Worst Practices February 2001: Lights Out

Lights Out

By Scott Hirsh
Precision Systems Group

At the risk of being too topical, which gives this month’s installment a short shelf life, I can’t help but think of the HP 3000 during this season of unpredictable electrical power service in California. Some are arguing that the build-up of Internet-related businesses — including xSPs and other companies who build large datacenters — is a contributing factor to this crisis. Regardless of the root cause, many of us innocent bystanders may become collateral damage before a long-term solution energy solution is implemented. And that brings us back to the land of high availability.

We all know that the HP 3000 has a long history of high availability — when cared for properly. But through no fault of our own, we may be faced with downtime in an era of 24x7 expectations. So what are the alternatives for the HP 3000 System Manager who is unlucky enough to be caught in the crossfire of electrical utility “deregulation?”

First, to bring us up to date, we need to draw a distinction between “disaster recovery” and “business continuance.” Disaster recovery is reactive: something bad has happened and I must now recreate my operating environment in order to pick up where I left off when the utility pulled the plug. Disaster recovery implies downtime, although we try to optimize our recovery plan (which of course you have) to make that downtime as small as possible. Business continuance, on the other hand, means somehow keeping your operating environment up and running, with perhaps a few minutes pause, when something bad happens.

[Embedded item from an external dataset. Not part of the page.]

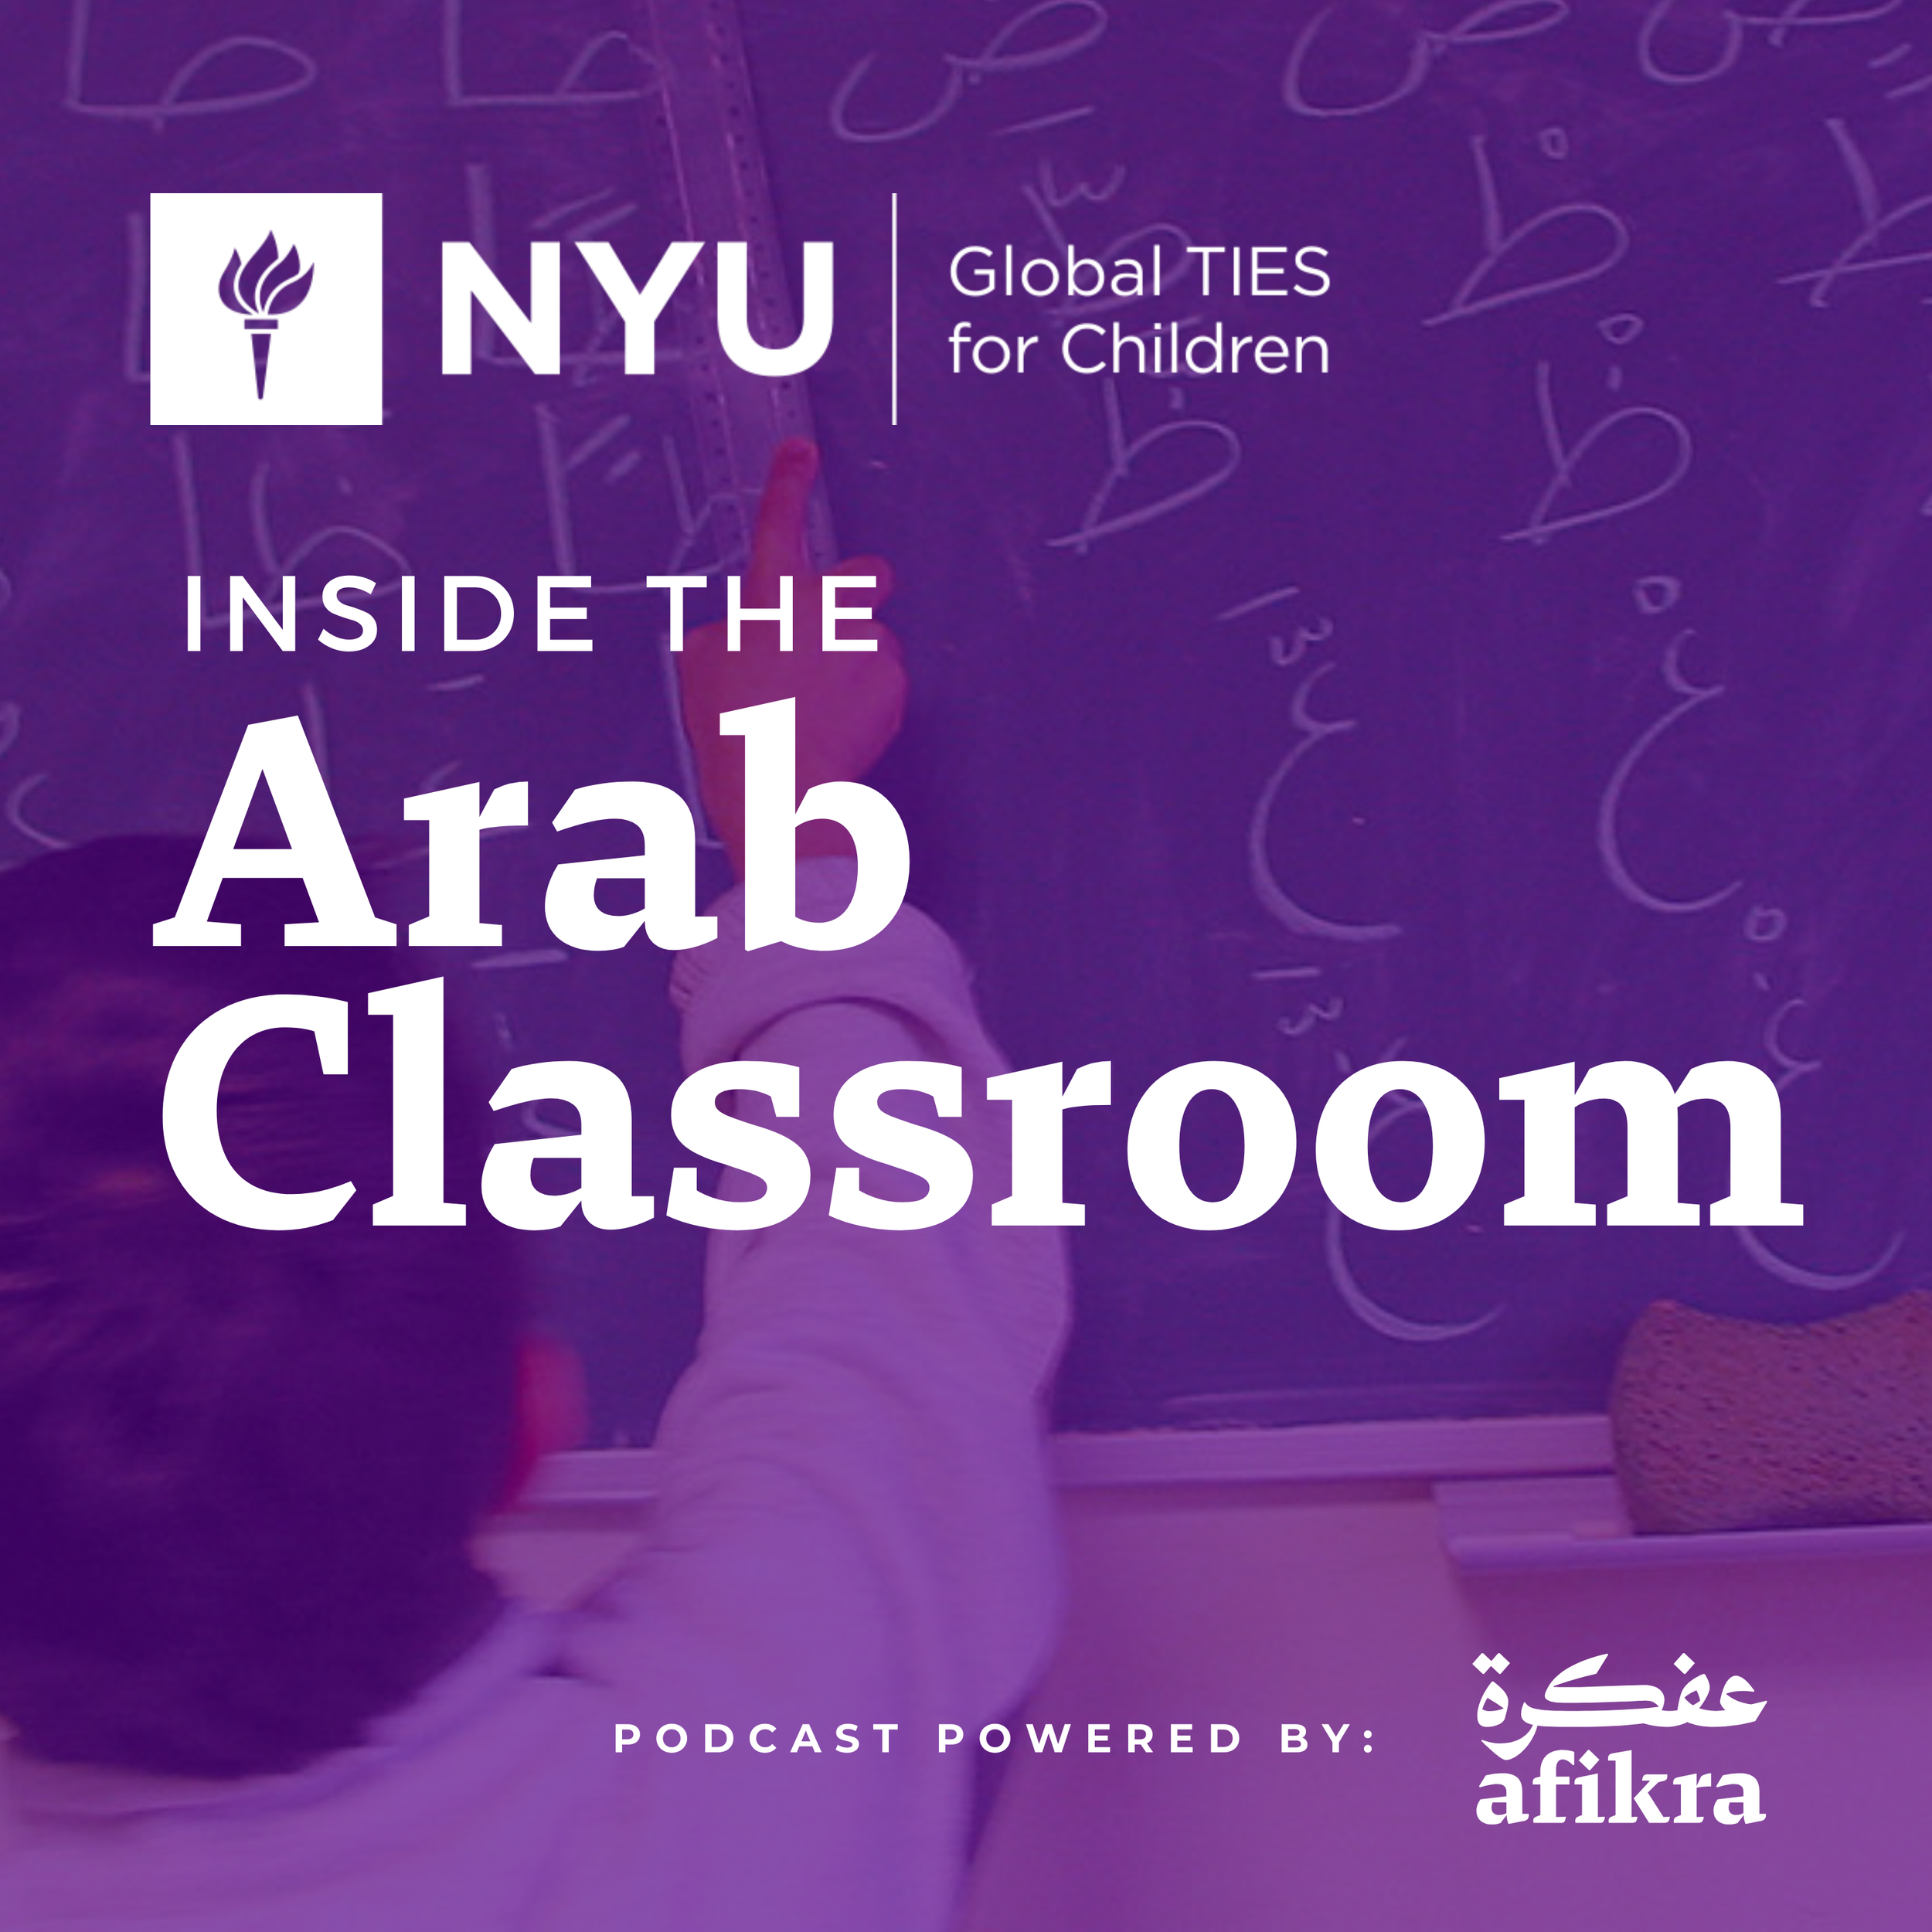 INSIDE THE ARAB CLASSROOM | NYU GLOBAL TIES FOR CHILDREN

That something bad, in the case of the recent crisis, is an interruption of electrical power to the datacenter. Those who are lucky have backup generators that can span the outage. Those who are less lucky have UPSs that can gracefully shutdown their systems when a power interruption occurs. And those who are foolish just let their systems flop, hoping for the best. (This is an abuse of faith in the HP 3000’s robust architecture. Even if your system comes back up in good shape, it’s never okay to leave your system vulnerable to power interruptions.)

So it seems that the need for an appropriate response to a much more likely outage scenario than an act of god (e.g., earthquake) is more compelling than ever. I know that whenever I performed a disaster recovery drill I prayed to the datacenter gods that I would never need to recover for real. Now, it seems, the odds are against us. Guess what? You need to ratchet your contingency planning up a notch — closer to reality.

The first place to revisit is your backup strategy. Not only must you be sure that backup is working the way you think it is, but that your restore procedures are tested and foolproof. Believe it or not, I watched in horror not too long ago as a client grabbed the wrong tape and began to use it for a simple (but important) restore. Their focus was on the fact that the restore was for @.@.@. My question was, why is it you couldn’t manage to mount the correct tape? Let’s face it, using the wrong tape for a restore is never a good idea!

Taking the backup issue one step further, has your data grown so large that you couldn’t even accomplish a full restore in a manner timely enough to save your business? I applaud those who have backup down to a science, but what if it takes you 72-plus hours to get to your recovery site with your tapes and fully rebuild your system? Are you then, in fact, backing up for reasons other than recovery?

For companies whose data is too humongous to contemplate rebuilding, the focus moves to business continuance. Generally speaking, this translates to replicating your data real-time or near real-time to another location – ideally a location that has a different set of risk factors (say, in an area that doesn’t experience rolling blackouts or not on the same fault line as your primary datacenter). For performance purposes, this type of replication is best handled at the storage system level, but there are products (Quest comes to mind) that will accomplish this task with software. With two sites/systems mirrored, you transition from the primary site to the recovery site in the event of an interruption. This can be done within minutes, and without getting on an airplane and spinning tapes. For large, mission-critical applications, chances are you are doing this for at least one system in your datacenter. It’s just a matter of time before this requirement trickles down to your run-of-the-mill HP 3000.

To work in the inevitable sports metaphor, when it comes to protecting your operation, the best offense is a good defense. Translation: A good defense is protecting your operation so you never have to rebuild it (that’s the offense part) from scratch, a proposition that is becoming increasingly impractical. At the low end of the cost spectrum is protection for the physical and environmental aspects of your operation: backup generator, structural retrofits to withstand more numerous and severe acts of God. These are relatively small investments for relatively minor threats. For the big one, remote data replication and all the associated procedures for promoting your secondary site to acting primary.

Just because we manage the most reliable systems on the market doesn’t mean we can afford to rest on our laurels. Alas, even though we’ve done everything right to ensure system availability, the bums turned around and messed up our infrastructure (and raised our rates in the process, to add insult to injury). Who would have thought that one day we would find our HP 3000s even more reliable than the electrical grid? That was not what I expected to find on the other side of that bridge to the 21st century.

Scott Hirsh, former chairman of the SIG-SYSMAN Special Interest Group, is a partner at Precision Systems Group, an authorized HP Channel Partner which consults on HP OpenView, Maestro, Sys*Admiral and other general HP 3000 and HP 9000 automation and administration practices.